Je bent ondertussen thuis, maar hoe ziet je herstel er nu voor de komende dagen/weken nog uit?

“Heel voorzichtig aan doen en rustig herstellen. Mijn longen hebben nog weken herstel nodig. Een trap opstappen laat zich voelen, de spieren moeten terug aangekweekt worden. Ik was negen kilogram vermagerd. Ik zit nu dus in de afdaling van die heel zware bergrit, maar met de wind nog op kop. Nu mag ik liefst niet vallen. Ik mag het werk nog niet hervatten. Genieten van de huiselijke warmte en goede zorgen doet deugd en geeft me energie om volledig te herstellen op termijn. Ik besef dat ik ‘geluk’ heb gehad. Het geluk te leven. Dat besef komt meer en meer boven als ik mijn coronafilm terugdraai.”

Je collega’s van de politie hebben de handen vol om iedereen ‘in het gareel’ te laten lopen. Hoe sta jij daar tegenover?

“Zorg is belangrijk, maar wat ik mijn collega’s nu zie doen, is complementair. Zorgen dat er zo weinig mogelijk besmet worden en dan worden de mensen in de zorg minder belast. Ik heb het nog in een recent interview op WTV gezegd: ‘blijf in uw kot’. Maar er zal altijd een minderheid zijn die niet wil luisteren. Respect voor mijn collega’s die 24/7 hun opdracht uitvoeren. Ik zal ze straks hopelijk terug vervoegen, want mensen helpen, beschermen en dienen is ook onze missie.”

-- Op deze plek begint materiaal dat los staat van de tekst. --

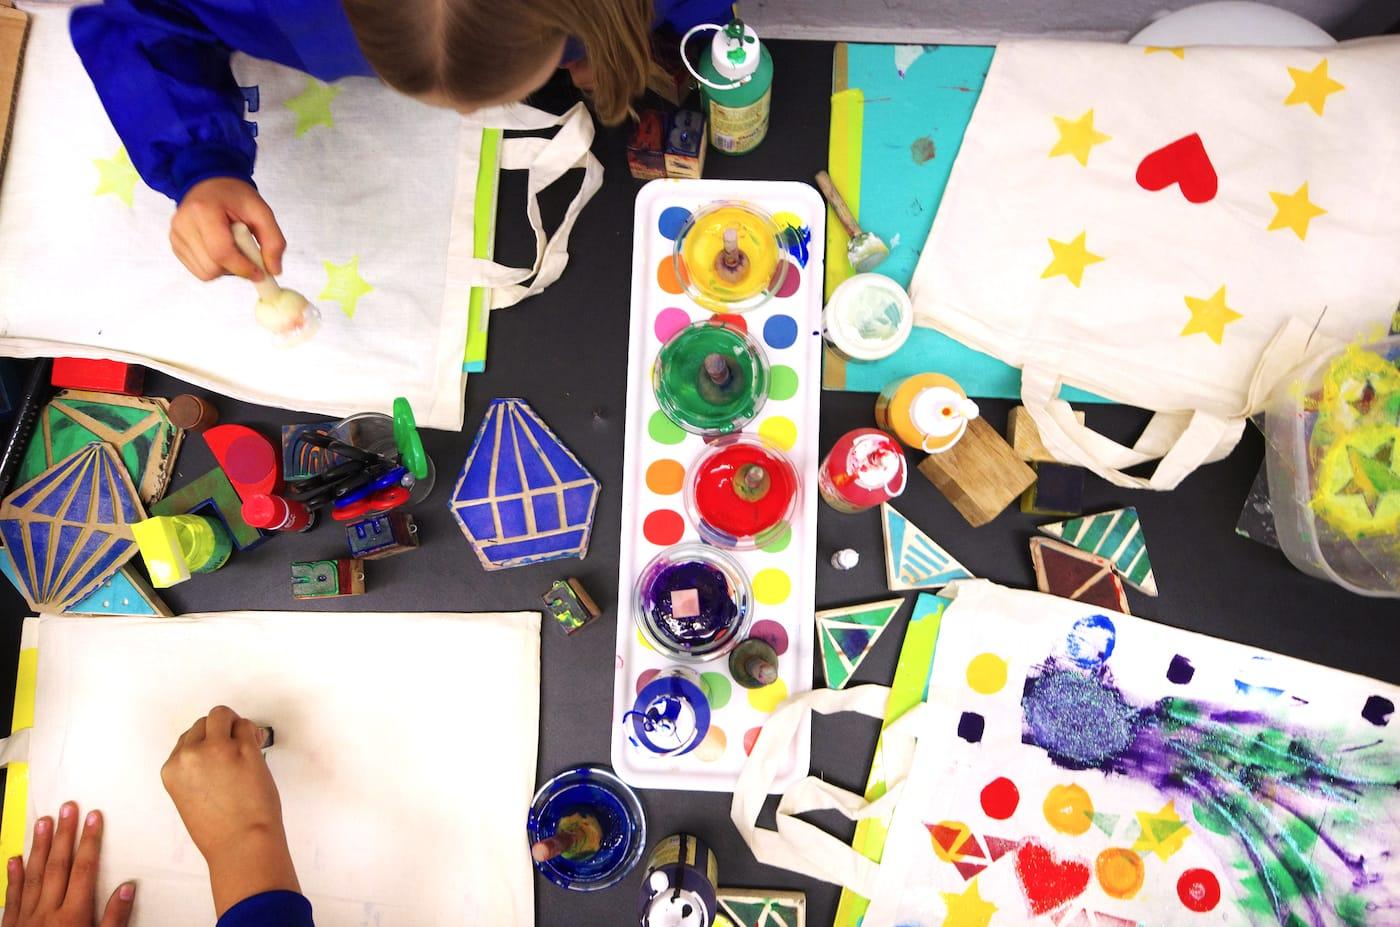 kreativ Kindergeburtstag feiern in Berlin im Grundschulalter bei Krumulus // HIMBEER

Heb je nog een boodschap voor hen die het moeilijk hebben om in hun kot te blijven…

“Ja, zie elkaar graag, maar met de nodige afstand en virtuele knuffels. Steun elkaar! Iedereen heeft moeilijke momenten, sterktes en zwaktes. Wees verdraagzaam. Samen moeten we nu een front vormen tegen dat verschrikkelijk beest. Ik wil niemand een verblijf in het ziekenhuis toewensen. Je ziet veel beelden op tv, maar het ondergaan is andere koek. Luister naar de preventieve boodschappen en bit ip joen tanden. Ik wens ook veel beterschap aan alle mensen die momenteel in het ziekenhuis liggen. Mijn gedachten gaan ook uit naar diegenen die deze ongelijke strijd hebben verloren.”